OceanScape International Limited – Termination of Solar Panel Inventory Purchase
OceanScape International Limited Terminates US\$3.18 Million Solar Panel Inventory Agreement
Detailed Investor Update on Contract Termination, Financial Effects, and Strategic Direction
Key Highlights
- Termination of Major Inventory Purchase: OceanScape International Limited (formerly V2Y Corporation Ltd.) has announced the mutual termination of its previously approved US\$3.18 million solar panel procurement agreement with Changshu Canadian Solar Power Technology Co., Ltd.
- Shareholder Approval Previously Secured: The transaction had received shareholder approval at the 29 December 2025 EGM, marking the Group’s intended major step into the renewable energy sector through inventory purchase for onward sale.
- No Financial Penalties or Payments: No payments were made under the contract, and no penalties are payable as a result of the termination.
- Seller Initiated Termination: The seller cited a reallocation of manufacturing capacity as the reason for terminating the contract, effective 10 March 2026.
- Missed Commercial Opportunity: The company notes that rising solar panel prices since the contract execution could mean higher future procurement costs, a risk that may impact future margins.
- Strategic Refocus: The Group will redirect resources towards alternative procurement and project development opportunities in renewable energy.
- No Material Financial Impact Expected: The termination is not expected to materially affect the Group’s net tangible assets or earnings per share for the financial year ending 31 December 2026.
- Regulatory Context: The company had been in ongoing discussions with SGX RegCo regarding the classification and regulatory treatment of the transaction, but the waiver applications were withdrawn following a change in the company’s Sponsor.
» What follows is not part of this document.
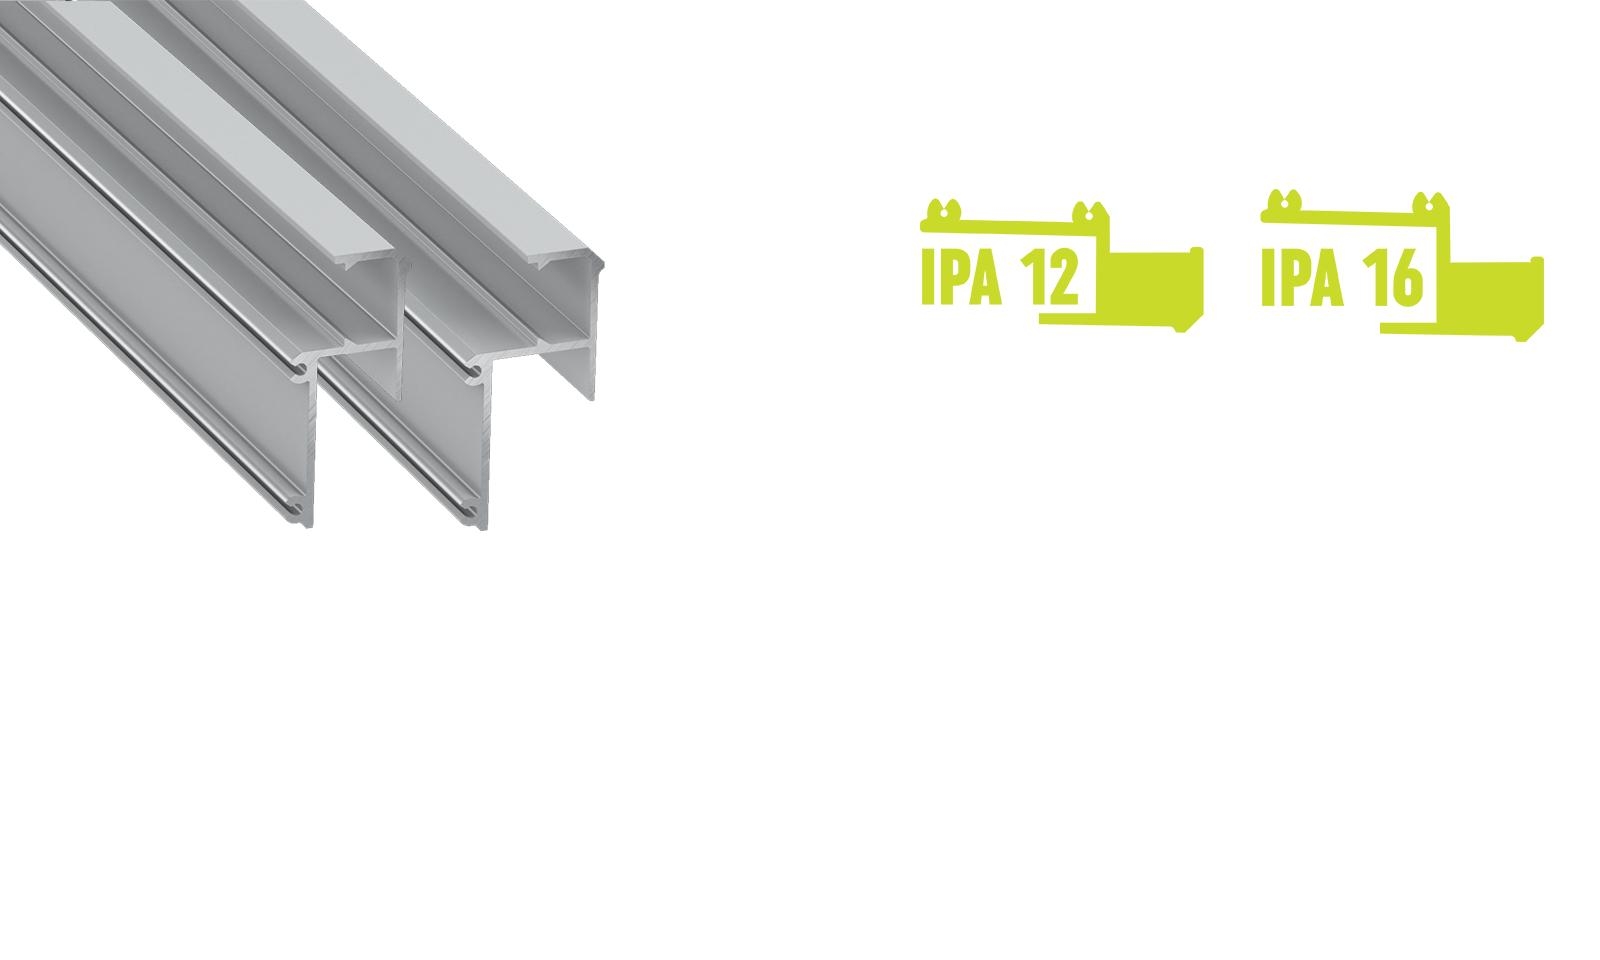 LUMINES "IPA12" / "IPA16" surface mounted profiles

- No Director or Substantial Shareholder Interest: Other than through their shareholdings, none of the directors or substantial shareholders has any direct or indirect interest in the termination.
Detailed Article
OceanScape International Limited has announced the mutual termination of its proposed purchase of solar panel inventory valued at approximately US\$3,184,000 (about S\$4.1 million) from Changshu Canadian Solar Power Technology Co., Ltd. The company’s Board revealed that its wholly owned subsidiary, SeaScape Energy Pte. Ltd., entered into a termination agreement with the seller on 27 March 2026, with the termination taking effect from 10 March 2026.
Background and Strategic Importance
The inventory purchase was a cornerstone in the Group’s renewable energy strategy, aiming to develop a pipeline of projects and supply solar panels to contractors and project owners. This transaction had been classified as a “major transaction” under Catalist Rules, with all necessary disclosures and shareholder approval being obtained at the EGM on 29 December 2025. The company had projected order book quantities exceeding the inventory to be purchased, demonstrating the strategic importance of this deal for its renewable energy ambitions.
Reason for Termination
The termination was initiated by the Seller in February 2026, attributed to the reallocation of its manufacturing capacity. Both parties agreed to terminate the contract, releasing each other from all future obligations and liabilities. Importantly, no payments had been made, and no penalties are payable by either party.
Regulatory and Shareholder Considerations
The company had previously submitted two waiver applications to SGX RegCo seeking clarification on the regulatory classification of the inventory transaction, asserting that this was in the ordinary course of its renewable energy business rather than a business acquisition. However, these applications were withdrawn by the former Sponsor after a change in sponsorship. As such, no final determination was made by the regulator prior to the contract’s termination.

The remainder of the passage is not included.